So definitely fallen back to IKEv1:

  st_ike_version = IKEv1

could you be able to print *st->st_connection (I'm interested in policy and ike_version)?

At the end is a running commentry on the log.
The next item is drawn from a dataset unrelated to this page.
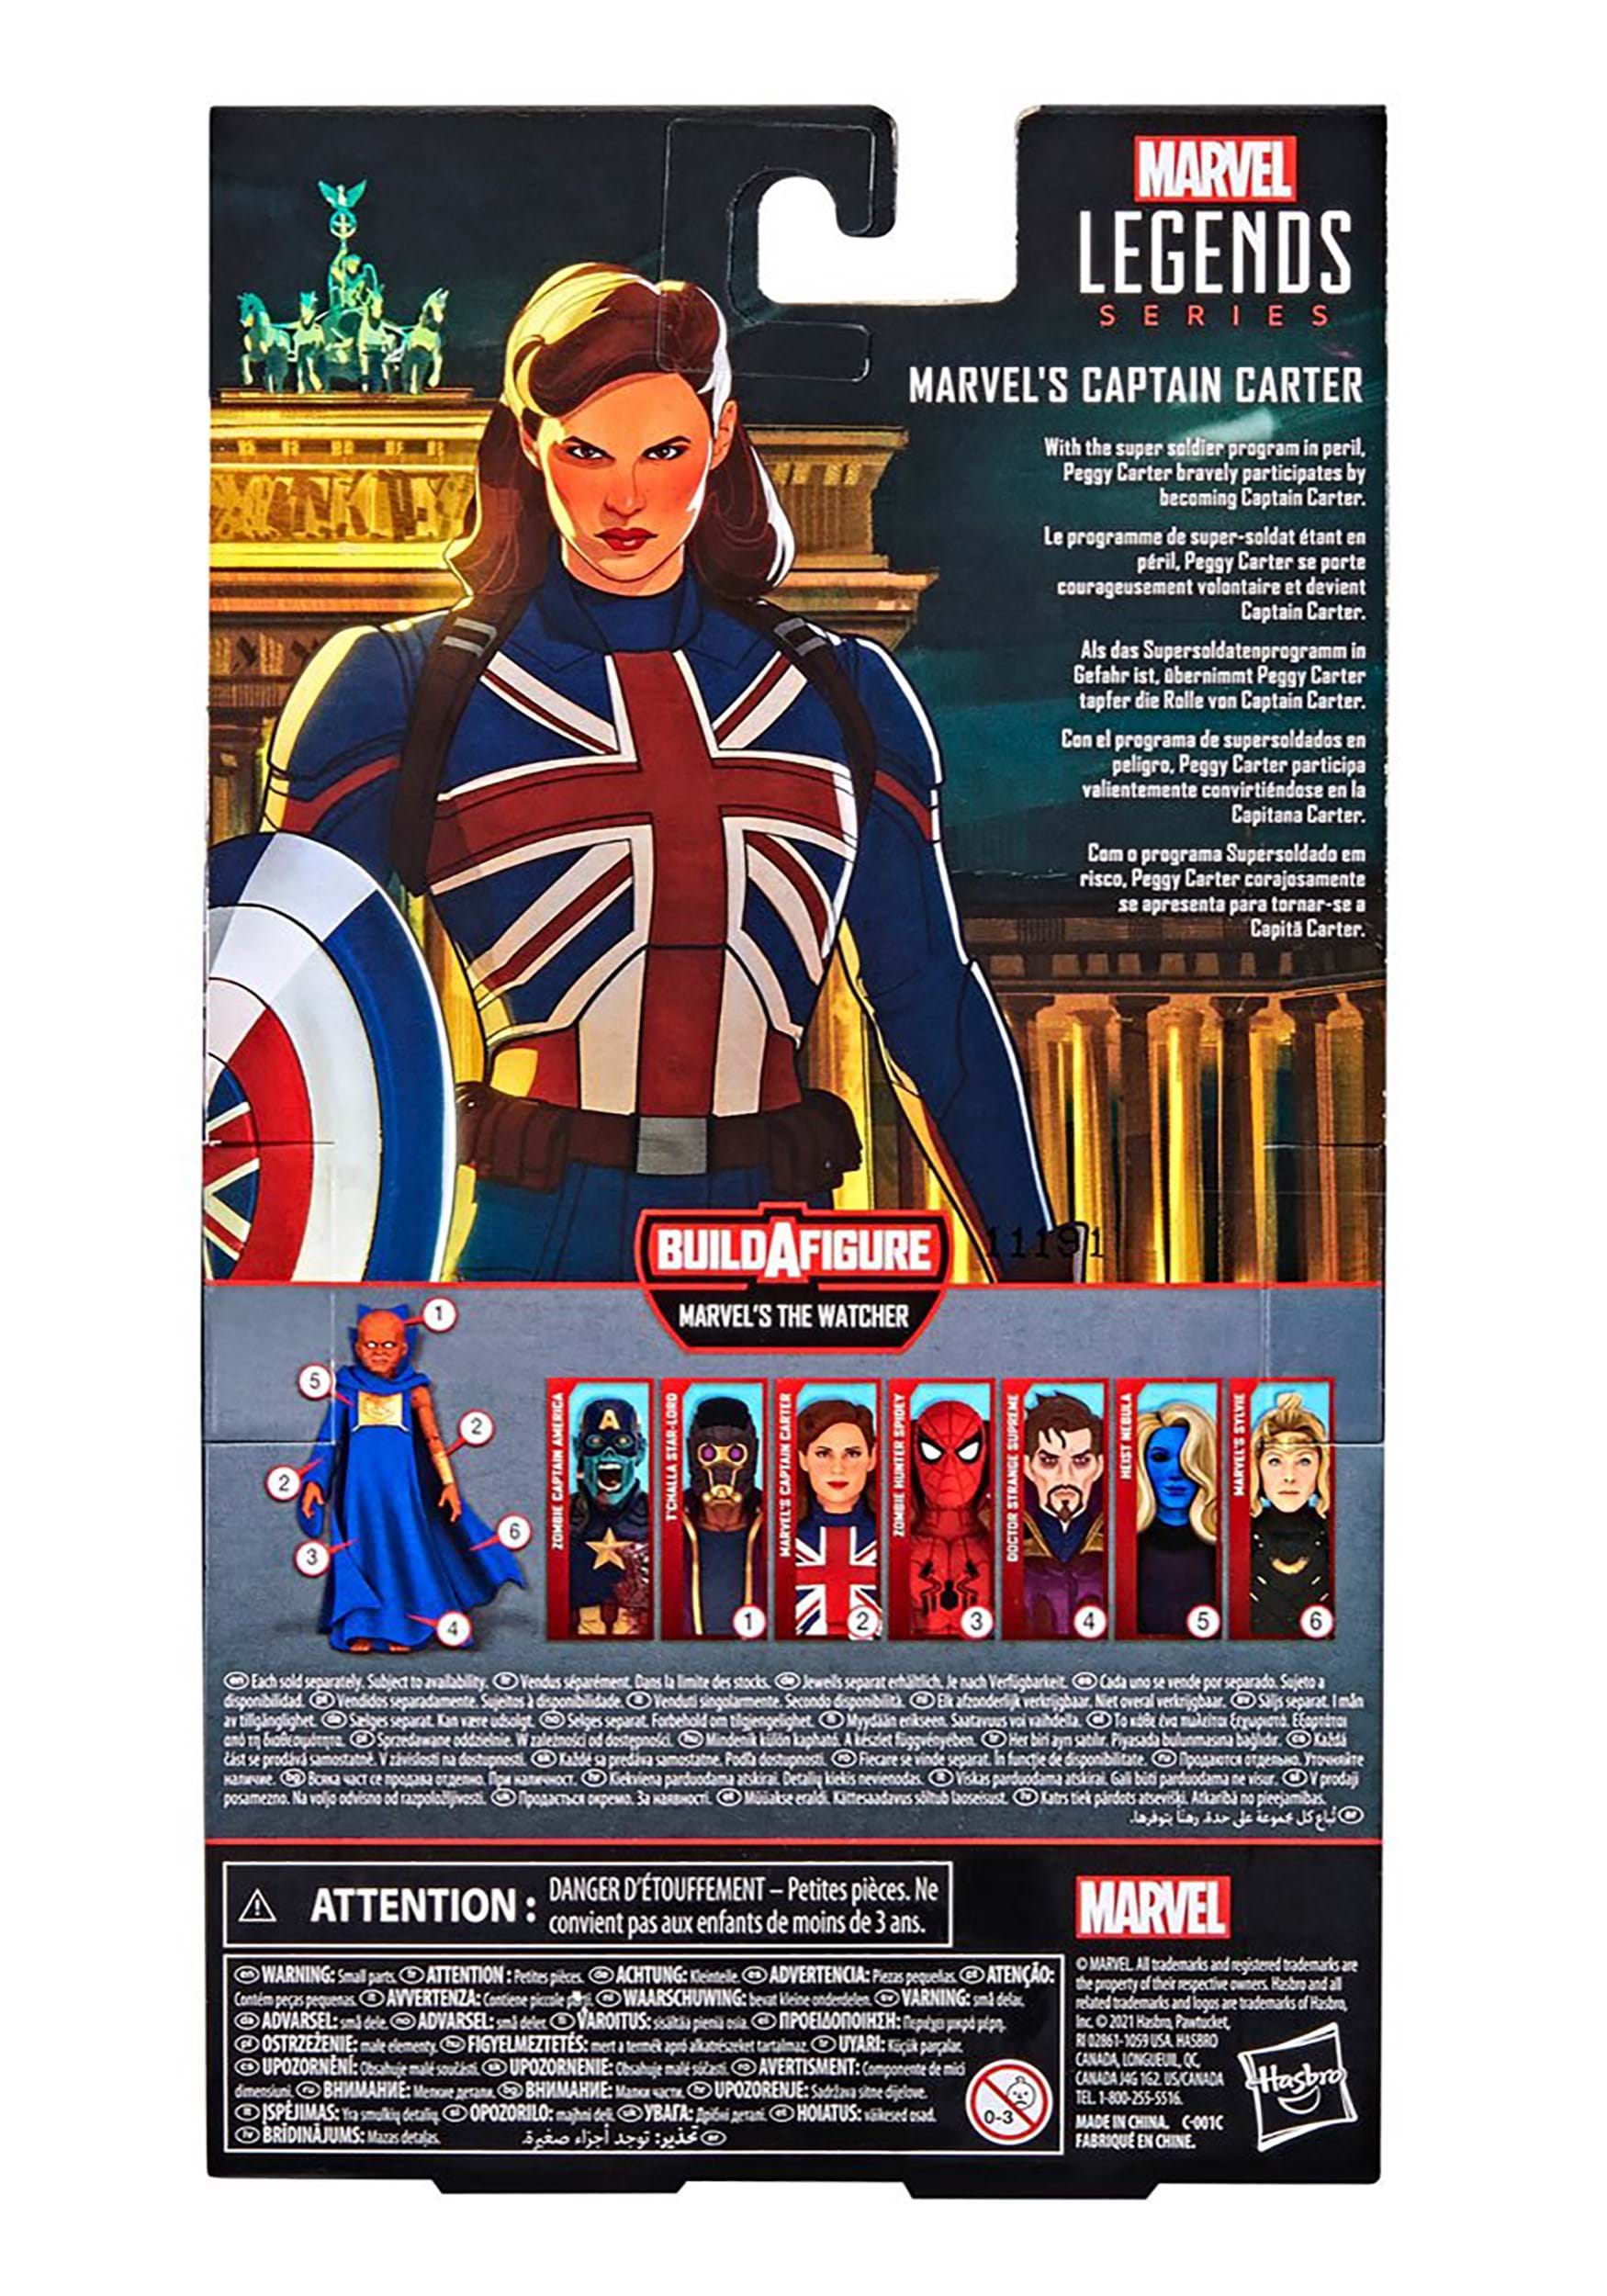 1 Accessoire et 2 pièces Build-a-Figure F0331 Multicolore Avengers Hasbro Marvel Legends Series Design Premium Figurine Captain Carter de 15 cm 
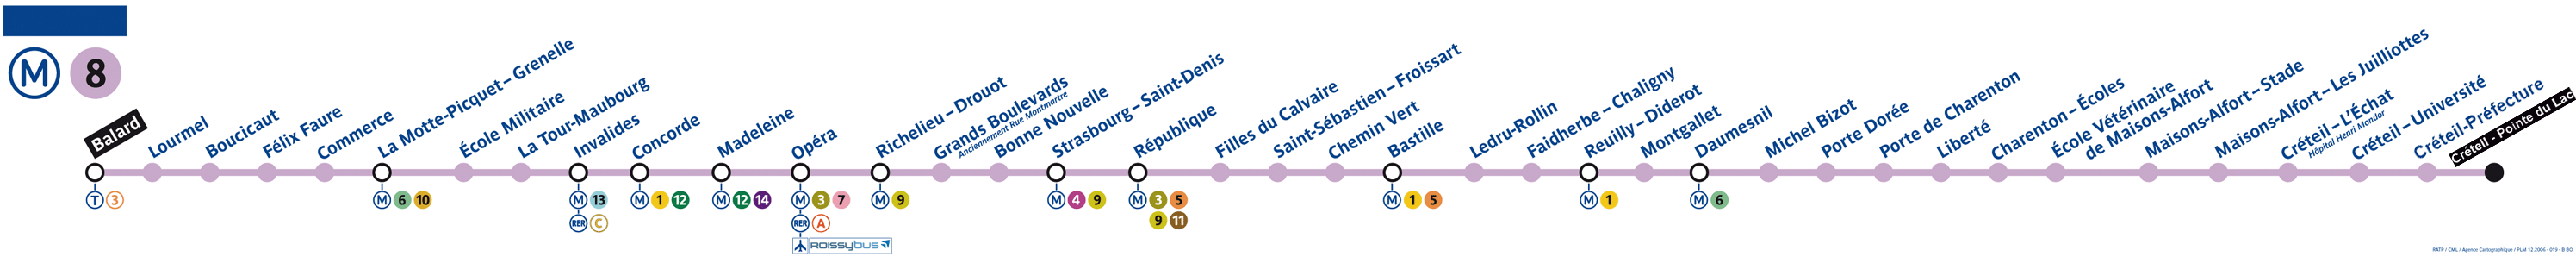 Plan Ligne 8 métro de Paris

I noticed two things:

  • a revive falls back from IKEv2 to IKEv1 when it shouldn't have
  • a delete for a CHILD SA triggered deleting the IKE SA

4.x's code is significantly different to 3.x for the above:

  • the remaining IKEv2->IKEv1 fallback code was removed
  • the revival and delete code was improved
    would you be able to try a snapshot from:
    https://download.libreswan.org/development/
    or mainline from git (if building from mainline add USE_NSS_KDF=false).

.

Outgoing connection ovn-b486b9-0-in-1 starts establishing an IKE#2 and CHILD#3

 added connection description "ovn-b486b9-0-in-1"
 "ovn-b486b9-0-in-1" #2: initiating IKEv2 IKE SA
 "ovn-b486b9-0-in-1": local IKE proposals (IKE SA initiator selecting KE): 
 "ovn-b486b9-0-in-1":   1:IKE=AES_GCM_C_256-HMAC_SHA2_256-NONE-MODP2048+MODP3072+MODP4096+MODP8192+ECP_256+ECP_384+ECP_521+CURVE25519
 "ovn-b486b9-0-in-1" #2: STATE_PARENT_I1: sent v2I1, expected v2R1
 "ovn-b486b9-0-in-1": local ESP/AH proposals (IKE SA initiator emitting ESP/AH proposals): 
 "ovn-b486b9-0-in-1":   1:ESP=AES_GCM_C_256-NONE-NONE-DISABLED
 "ovn-b486b9-0-in-1" #3: STATE_PARENT_I2: sent v2I2, expected v2R2 {auth=IKEv2 cipher=AES_GCM_16_256 integ=n/a prf=HMAC_SHA2_256 group=MODP2048}

Second outgoing connection ovn-b486b9-0-out-1 queued up waiting for ovn-b486b9-0-in-1 to establish:

 added connection description "ovn-b486b9-0-out-1"
 "ovn-b486b9-0-out-1": queuing pending IPsec SA negotiating with 10.0.244.89 IKE#2 "ovn-b486b9-0-in-1"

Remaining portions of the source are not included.